- Theatrical release poster
- Directed by: K. Shankar
- Story by: Kothamangalam Sadanandan
- Produced by: N. Vasudeva Menon
- Starring: Gemini Ganesh B. Saroja Devi
- Cinematography: Thambu
- Edited by: K. Shankar K. Narayanan
- Music by: R. Govardhanam
- Production company: Vasu Films
- Distributed by: Solar Film Distributors
- Release date: 19 October 1960;
- Running time: 163 minutes
- Country: India
- Language: Tamil

= Kairasi =

1960 film by K. Shankar

Kairasi is a 1960 Indian Tamil-language film directed by K. Shankar and produced by N. Vasudeva Menon. The film stars Gemini Ganesan (credited as Ganesh) and B. Saroja Devi. The plot revolves around a doctor whose father is wrongfully convicted.

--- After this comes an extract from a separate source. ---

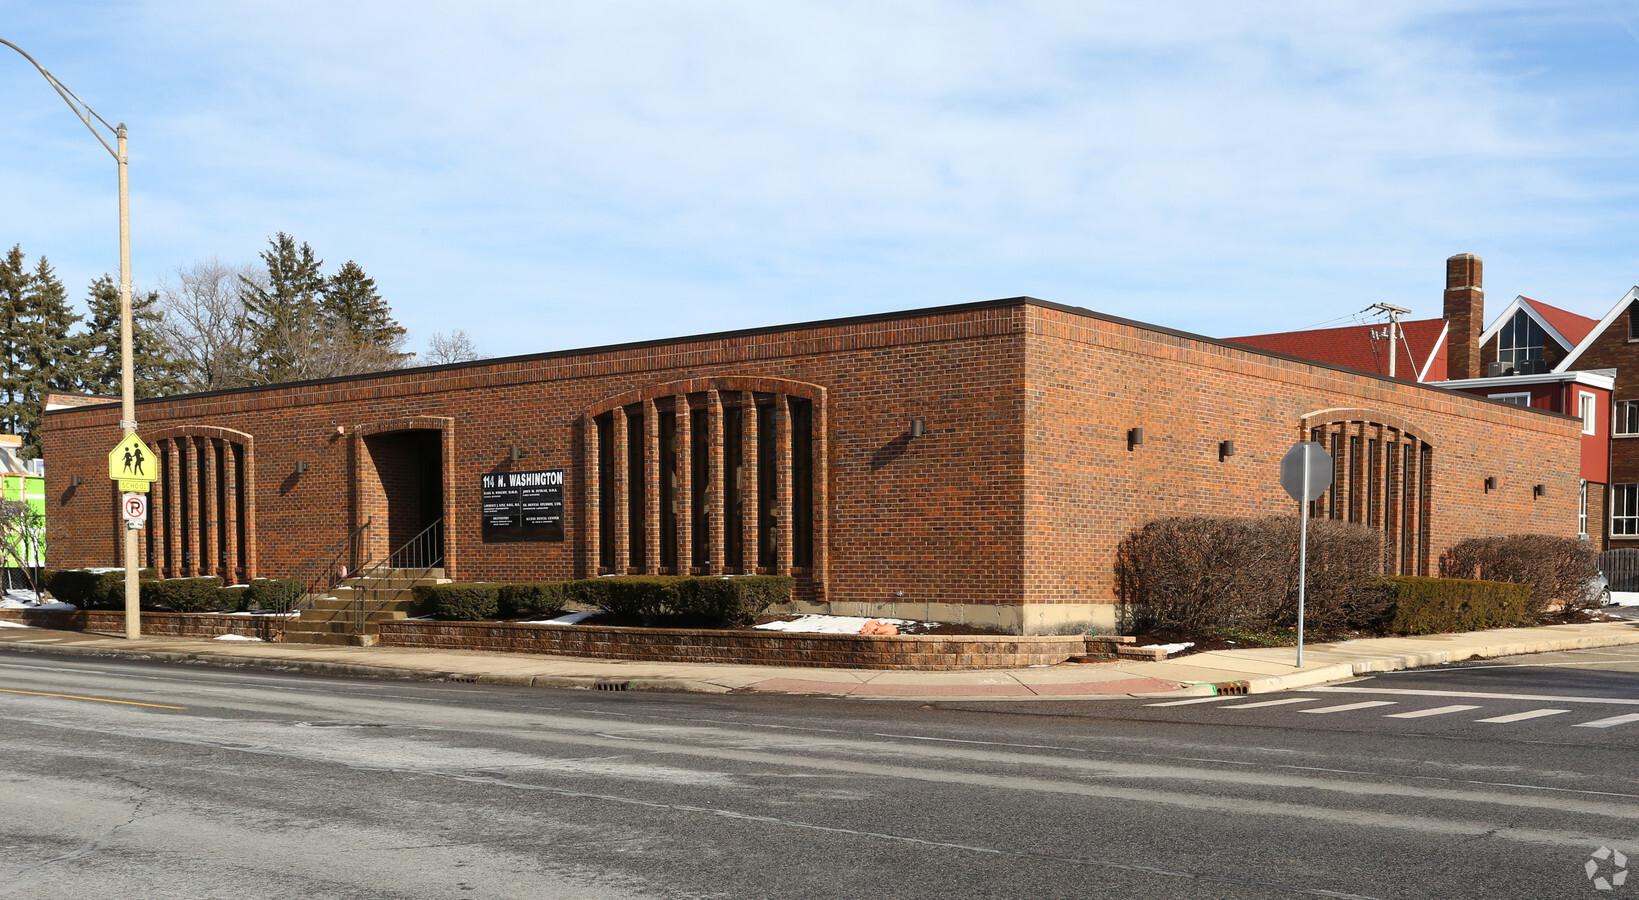 114 N Washington Street   I   Naperville, IL

Kairasi was released on 19 October 1960, during Diwali, and became a commercial success. It was later remade in Hindi as Jhoola (1962).

== Plot ==

Sundaram, an honest police constable, is falsely accused of murder and imprisoned. Ramanathan, a judge, adopts Sundaram's son, Mohan, who later becomes a successful doctor.

== Cast ==

- Male cast
- Gemini Ganesh as Mohan
- K. A. Thangavelu as Madhu
- M. R. Radha as Kumar
- S. V. Sahasranamam as Sundaram
- K. D. Santhanam as Judge Ramanathan
- S. Rama Rao as Emperuman
- C. S. Pandiyan as Somu
- P. D. Sambandam as Sambandam
- V. P. S. Mani as Sekar
- K. Natarajan as Dr. Sankar
- G. K. Pillai as Sub-Inspector
- Male supporting cast
- Mahalingam, Karikol Rajoo, Rathnam,
Balakrishnan, V. T. Kalyanam, and Maruthappa.

- Female cast
- B. Saroja Devi as Sumathi
- M. V. Rajamma as Lakshmi
- K. Malathi as Kanagam
- Mohana as Gokila
- Ramani as Susheela
- Chellam as Chellam
- Pushpamala as Angamuthu
- Female supporting cast
- Seethalakshmi, Ramamani Bai, Santha Kumari, and Baby Mangalam.

== Production ==
Kairasi was directed by K. Shankar, who also served as the editor. It was produced by N. Vasudeva Menon under the banner of Vasu Films, marking his second venture as producer. The story was written by Kothamangalam Sadanandan, with dialogues written by K. S. Gopalakrishnan and K. D. Santhanam. Santhanam also appeared onscreen as a judge. Cinematography was handled by Thambu, with K. Narayanan co-editeding the film, while A. Balu served as the art director. The final cut of the film had a runtime of 163 minutes.

== Soundtrack ==
The music for Kairasi was composed by R. Govardhanam, with lyrics penned by Kannadasan, Kothamangalam Subbu and K. S. Gopalakrishnan. Music historian Vamanan noted that Kairasi "brought out the best in Govardhanam, with its limpid melodies brimming forth sweetly with lyrical intimations of love and romance."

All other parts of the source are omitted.